Farms under Ethio-Agri CEFT and Horizon plantations currently use imported NPK (nitrogen, phosphorous, potassium),which is good for coffee, and is needed in dry areas in the state of Tigray, rather than the products of the blending factories, according to Zebene. “The lime and blending machines were installed with great ambitions, but remain stuck. I came to Ethio-Agri CEFT three years ago. Here we blend and use NPKSB and NPKSBZ. We are talking with OCP [a Morrocan fertilizer producer] to access a sustainable farm and plant specific fertilizer supply.”

The capacity of the blending machines Ethiopia bought is similar to the machines purchased by Uganda, Kenya and other African countries years ago. They also faced the same granular index problem in the initial years. But they changed it immediately and solved the problem. The Ethiopian government, however, prefers to follow a different path. As of now, OCP is working with the MoALF to fix the problem of the blending factories.

For Ethiopia, it is not only acidity that undermines future agricultural productivity, but also the presence of alkaline soil. This is true especially for the states of Afar and Somali. Alkaline soils, which have poor soil structures and low infiltration capacity, owe their unfavorable chemical properties mainly to the presence of sodium carbonate. Sodium carbonate, also known as washing soda, soda ash and soda crystals, is the water-soluble sodium salt of carbonic acid.

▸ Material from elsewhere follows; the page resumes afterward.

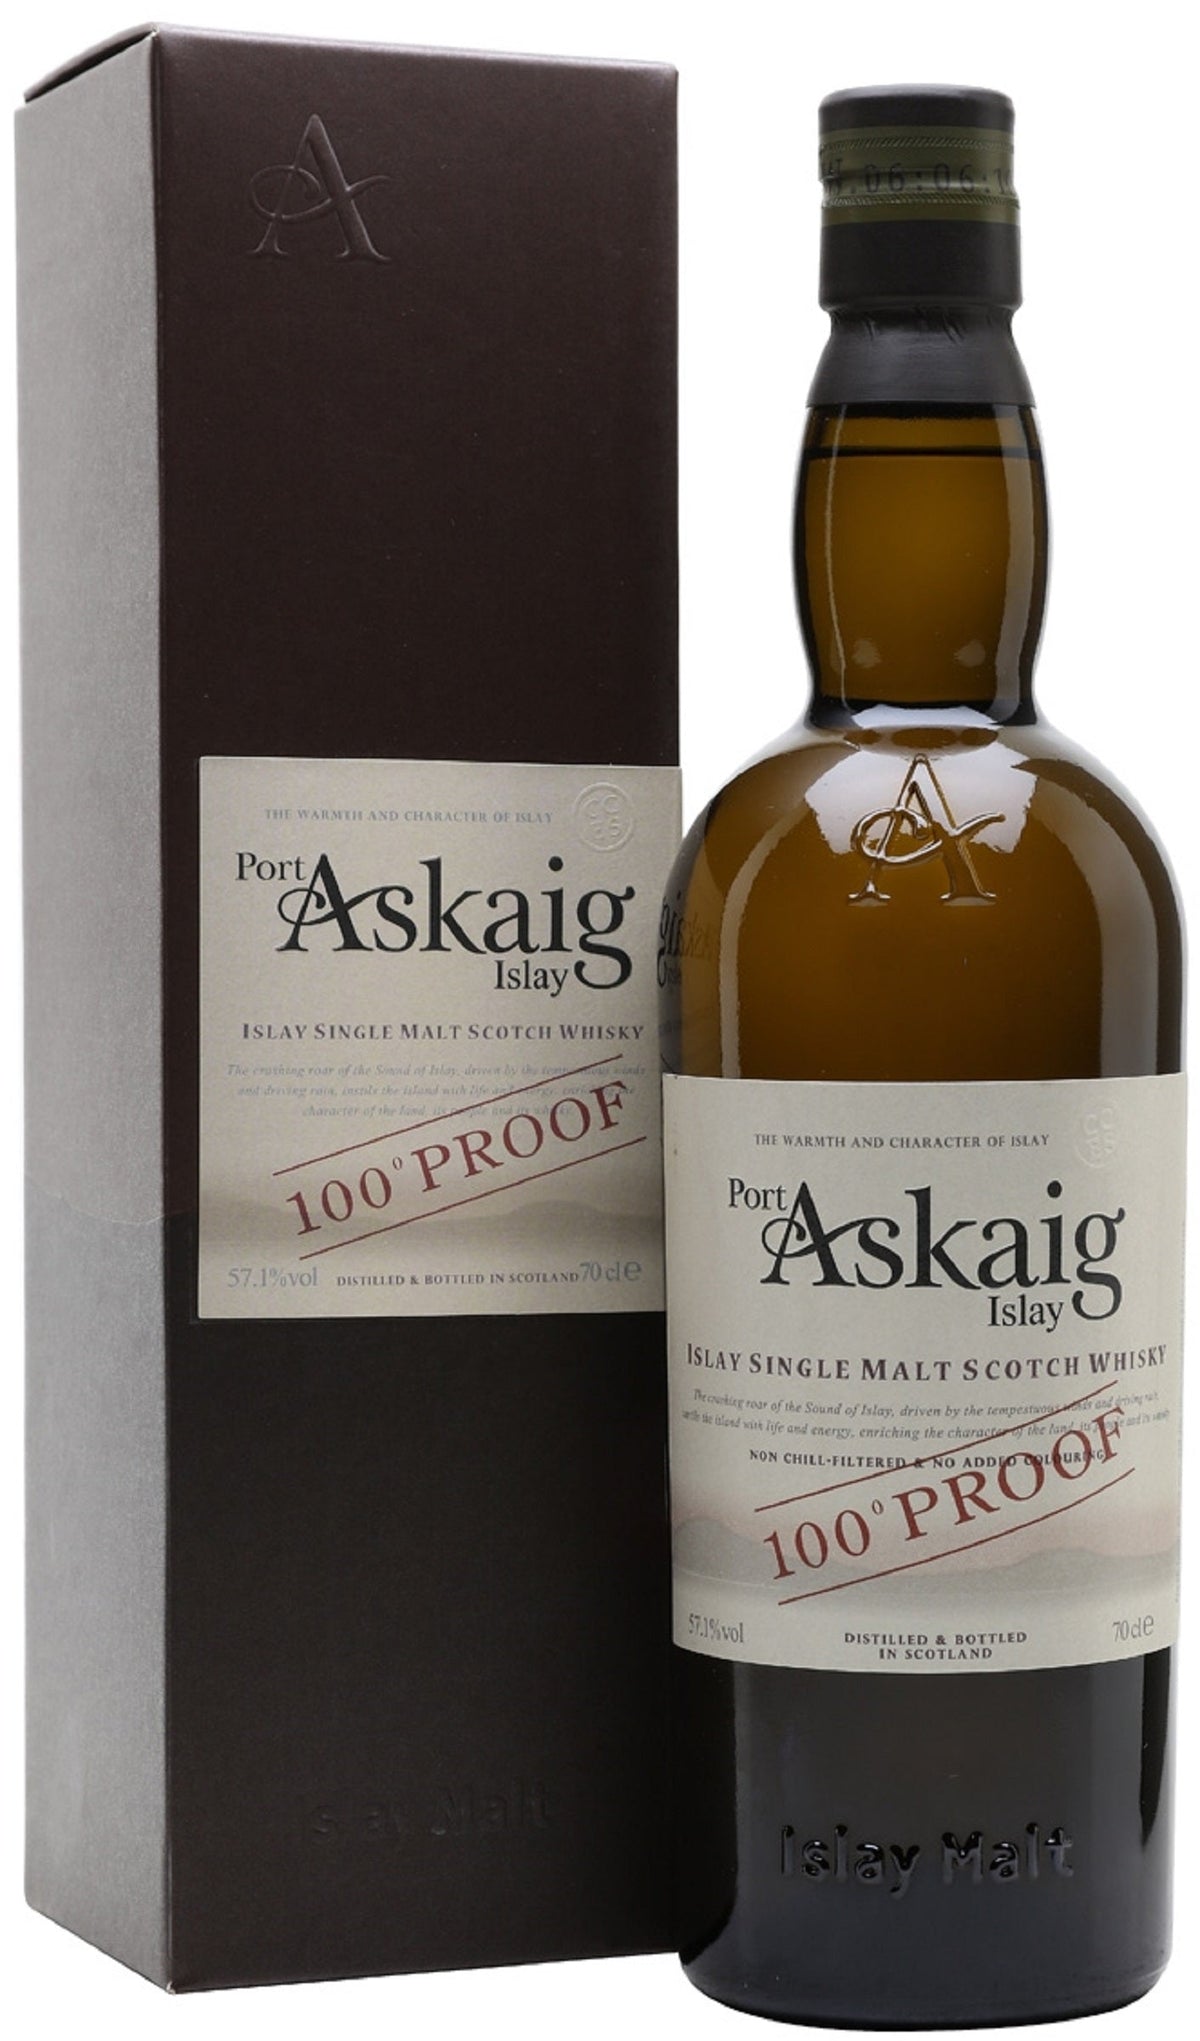 Bottle of Port Askaig 100 Proof Islay Single Malt Scotch Whisky, 57.1% - The Spirits Room

Worryingly, however, alkaline soils are difficult to reclaim unless treated with chemical amendments, according to soil scientists. Mesfin, for his part, suggests irrigation to treat the soil. “If successfully irrigated under sound water management, they could make a difference in the fast-track attainment of food security. If not, they can even go a long way to facilitate market-oriented development,” stresses Mesfin.